According to Michael, the advocates of CDC are a
“small cabal of pensions industry self-interests (predominately consultants and lawyers, perhaps seeking to replace their diminishing DB income streams)”
The alternate to CDC proposed, in an incomplete, and rather loose, hand-waving manner, appears to be placed far behind many of the possible designs for CDC which have been proposed and discussed, from a cost and efficiency standpoint. Michael is a fan of with-profits policies; strong and assertive governance will resolve their well-known woes. Yet, one of the key elements of a well-designed CDC scheme is that it benefits from both risk-pooling and risk-sharing among members, which is not a feature of any with-profits policy. There also appears to be a blissful ignorance in his critique of the difference between cross-subsidies and risk-sharing.
Michael has a concern, expressed frequently, that a scheme may over-distribute to current pensioners at the expense of members not yet pensioners. The problem is hardly new as even a cursory reading of the “tragedy of the commons” literature (Hardin, Ostrom, Stiglitz, et al.) would reveal. The solution incidentally is simple. It is, at any point in time, to pay pensions only to the extent that they are funded; to treat the solvency ratio as if it were binding.
This of course is the position faced by an individual, full exposure to the volatility of their asset portfolio (and overconsumption today of assets held for the future their only option). This is where the collective nature of CDC comes into its own; it introduces a second option, risk sharing among members which is equitably organised among them, and therefore sustainable.

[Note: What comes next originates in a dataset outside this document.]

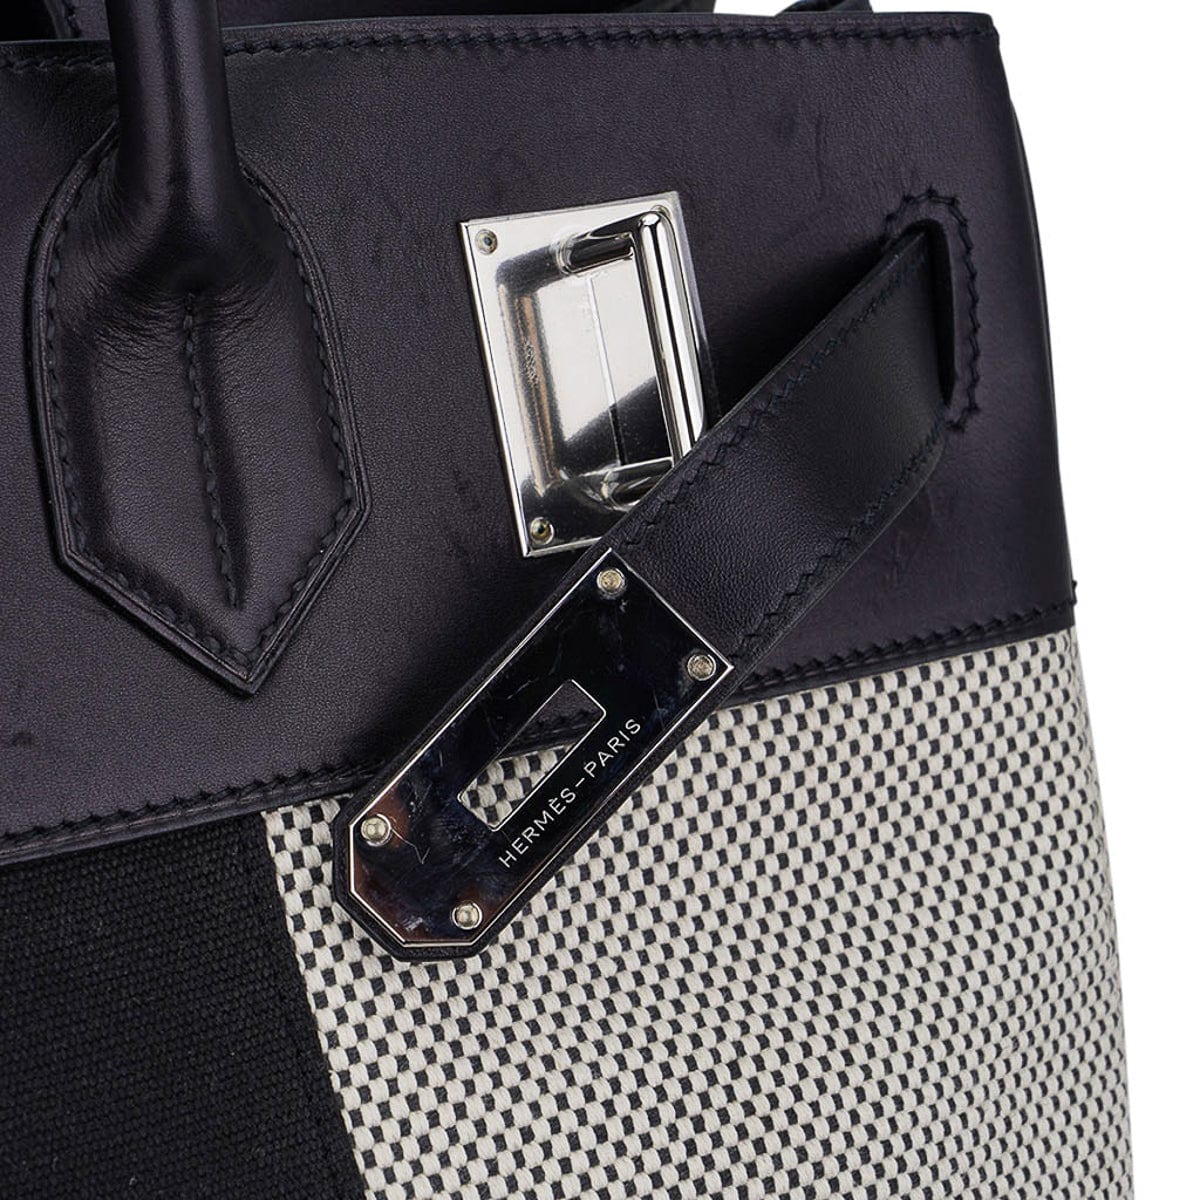 Hermès Pre-owned Haut à Courroies 40 Handbag - Black

But Michael seems no fan of collectivism of any stripe.
Of course, the letter takes the usual cheap shot of asserting that other than Royal Mail there are no companies interested. In fact, there are already many more who will be investigating CDC once it is permitted to exist and be offered. It is a matter of public record that back when the Defined Ambition legislation was being written and the prospect of CDC seemed imminent and tangible, there were more than 20 employer sponsors interested.
In addition, it should be recognised that CDC schemes may exist independently of any corporate sponsor, perhaps organised as master-trusts.
Rather surprisingly, Michael demonstrates a lack of understanding of innovation processes, asserting: “ordinarily, successful product innovation is customer-driven”. As has been noted many times before, this approach results in improved horses but no motor cars. Many, arguably most, innovations are, of course, introduced, built first, in hope and anticipation, not reaction. The need for decumulation innovation is clear, a belief shared by the authorities, but need does not necessary translate into demand. However, one thing is clear: if we don’t build it, they cannot come.
The letter contains a number of misrepresentations, such as the idea that Freedom and Choice transfers will either be not possible or prove extremely complex, when neither of these is true.
There is much emphasis on creating an atmosphere of uncertainty and risk surrounding CDC, to be approached with much apprehension and dread. The letter is even structured as a listing of risks. Any experimentation and innovation are then much simpler to depict as irresponsible and dangerous.
The letter elevates some remote and highly improbable possibilities to likely events; millennium bug hysteria at its most extreme. Michael would do well to understand that the absence of evidence does not constitute proof that precautionary action needs to be taken.